When Keith Allan and I started working in the 1990s on bad language, we had a lot of trouble getting our work published because journals and publishers didn’t want to offend.

Now, there’s no problem. We can hear that word even when we turn on the television. It’s everywhere. Unedited, colloquial, scruffy language is going public much more than ever before, and audiences are quite receptive.

**Fitz:** Therefore, Professor, will you join me in saying it out loud? Is it *f-ing* outrageous that the Australian National University had suddenly pulled the pin on this third edition of the dictionary, only for a two-year reprieve at the last minute?

**KB:** Well, I think it is.

We should all be grateful for the donor’s generous support. But temporary philanthropy is no substitute for the university’s responsibility to safeguard something of such significance. This is important work.

The value of tracking changes in Australian English over time is enormous: to the public, to government style manuals, historians, and other researchers (linguists like me).

It’s a labour that secures for us not just the words of today, but the living story of Australian English itself.

And the thing is—you’ve got to remember the ANU gets a very large annual National Institutes Grant (to the tune of $220 million, I understand), precisely to look after national assets and to protect things of special significance like the AND—which is nothing less than a monument to our language.

The phrase “cultural vandalism” has been bandied about a lot lately to describe the ANU’s decision.

**Fitz:** So if it does fold, despite the generous donation to keep it alive for the moment, what happens to all the work that’s been done since the last edition nine years ago?

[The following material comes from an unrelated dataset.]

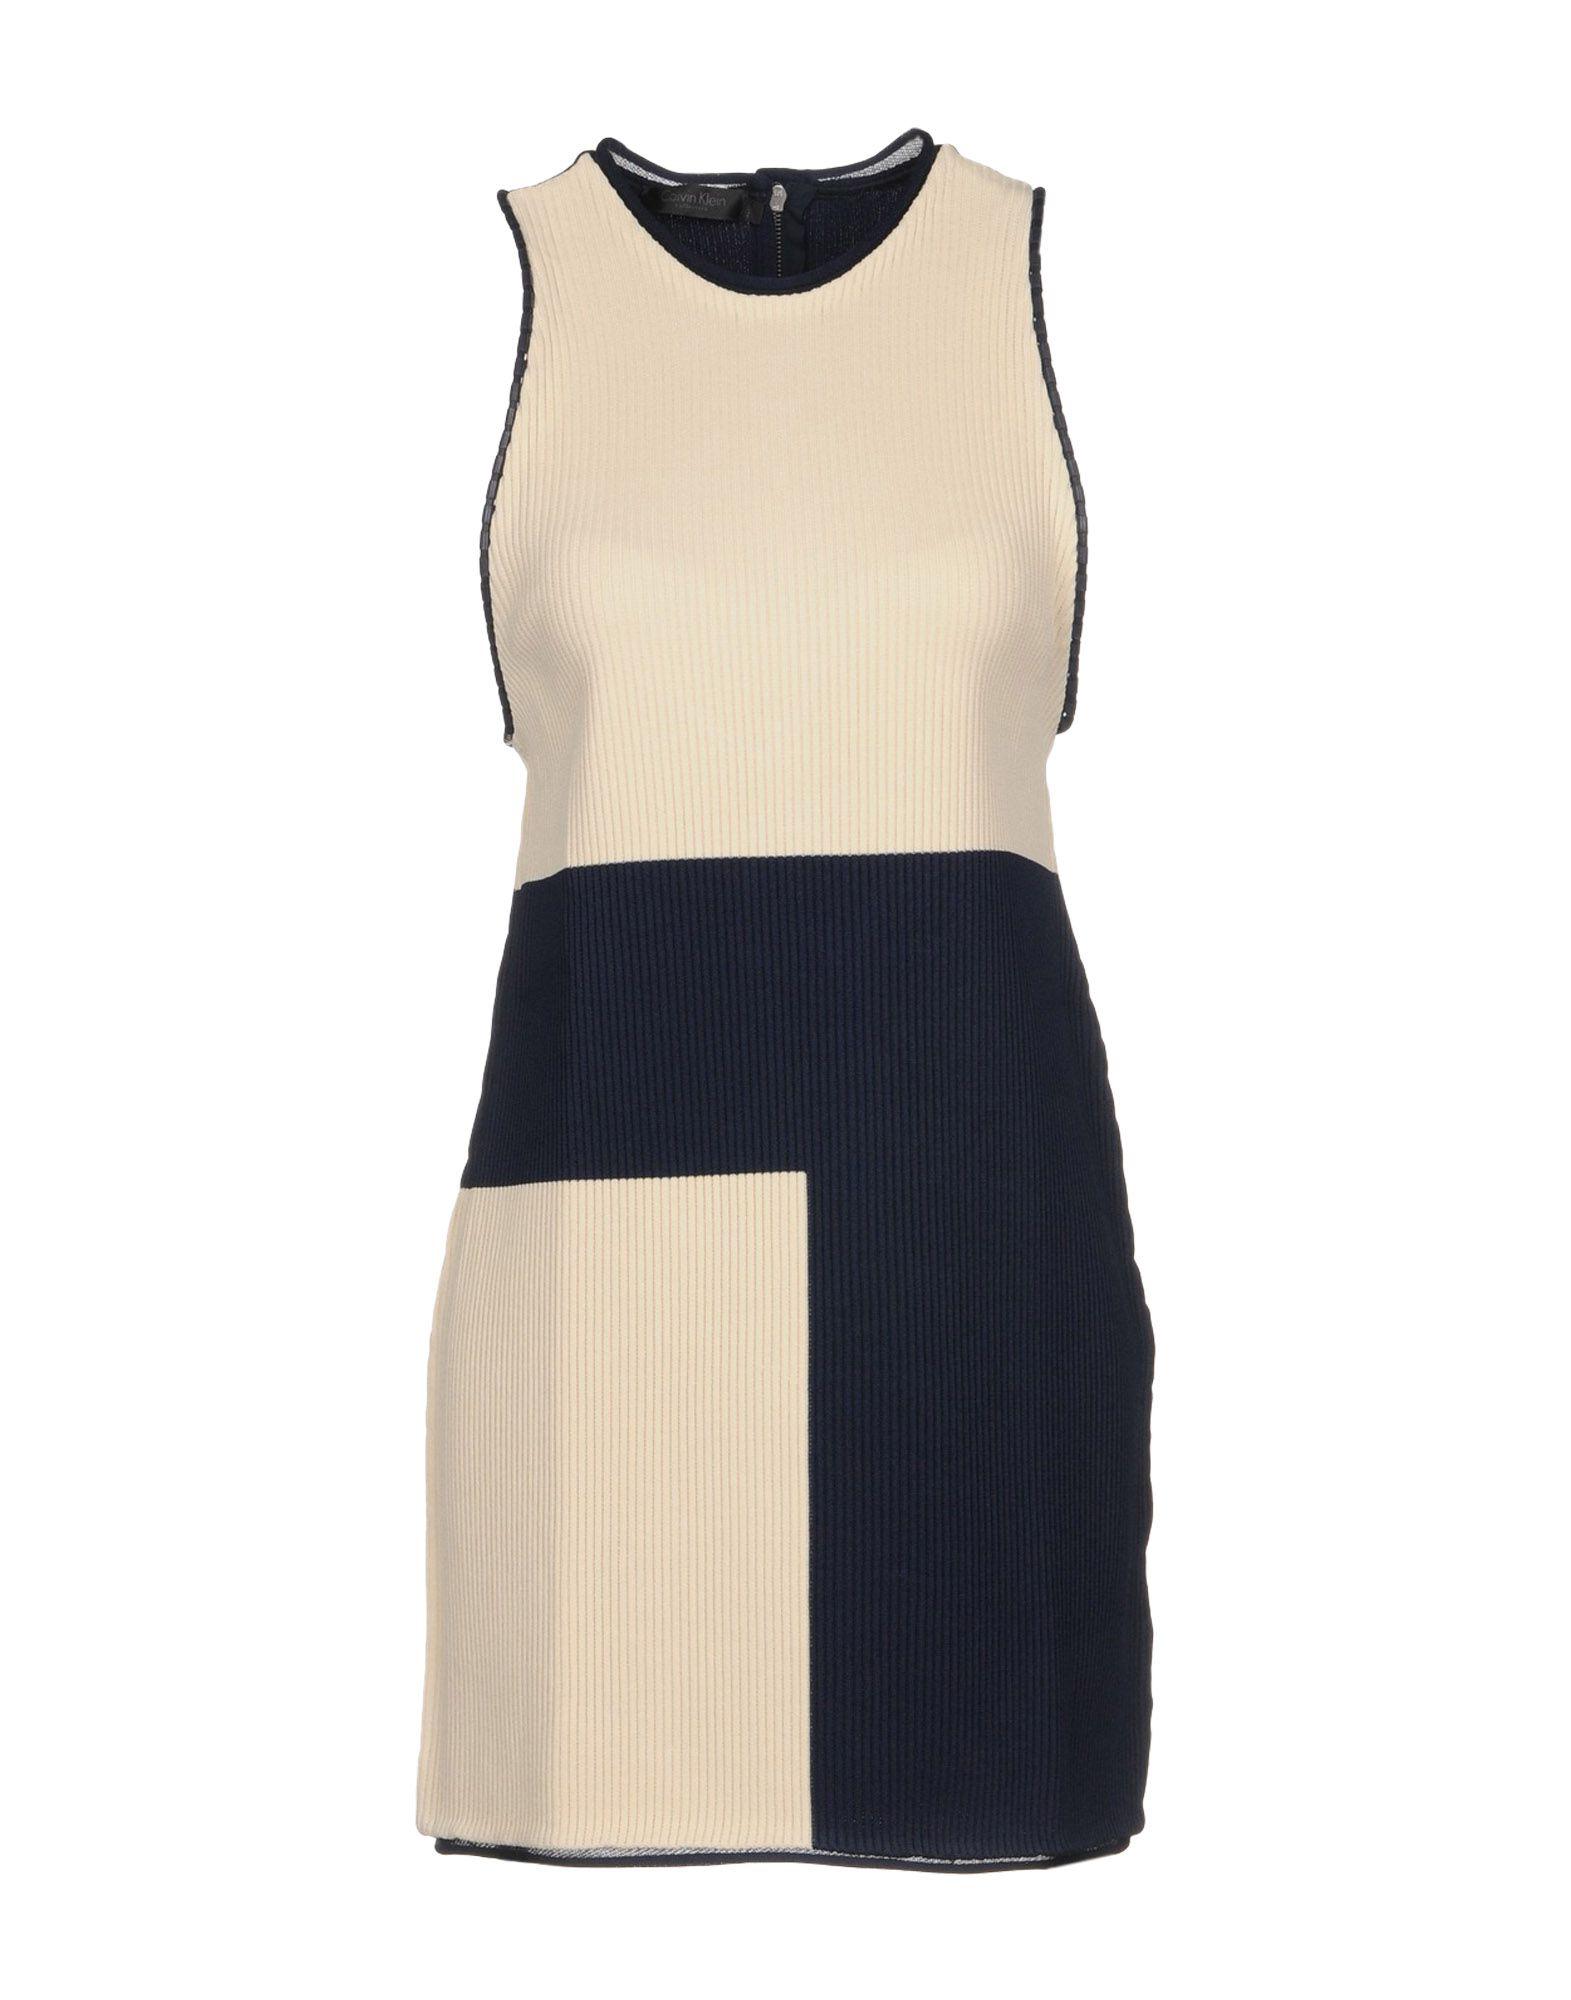 CALVIN KLEIN COLLECTION Короткое платье calvin klein k1s211 20

**KB:** It will be lost. And once it’s gone, we lose this living record of our national voice.

**Fitz:** That’s shocking. Is it a victim of what I call the “rising damp of Coca-Colonisation,” whereby, because so many Australians are immersed in Americana, the Americanisms are overflowing into ours and killing off a lot of our darlings, so there is no further need to go to such effort to record ours?

**KB:** Not at all.

If anything, it is more a victim of the American-style managerialism that has taken over our universities—an approach to management that puts short-term cost-efficiency over enduring scholarly value.

I imagine the Australian National Dictionary Centre would be regarded as low-hanging fruit.

The future of the Australian National Dictionary may have been temporarily secured, but the struggle to preserve this vital record of Australia’s unique linguistic identity is far from over. As Professor Burridge argues, the AND represents not just a dictionary but a living monument to Australian culture, history, and identity—one that deserves far greater support than fleeting philanthropy can provide.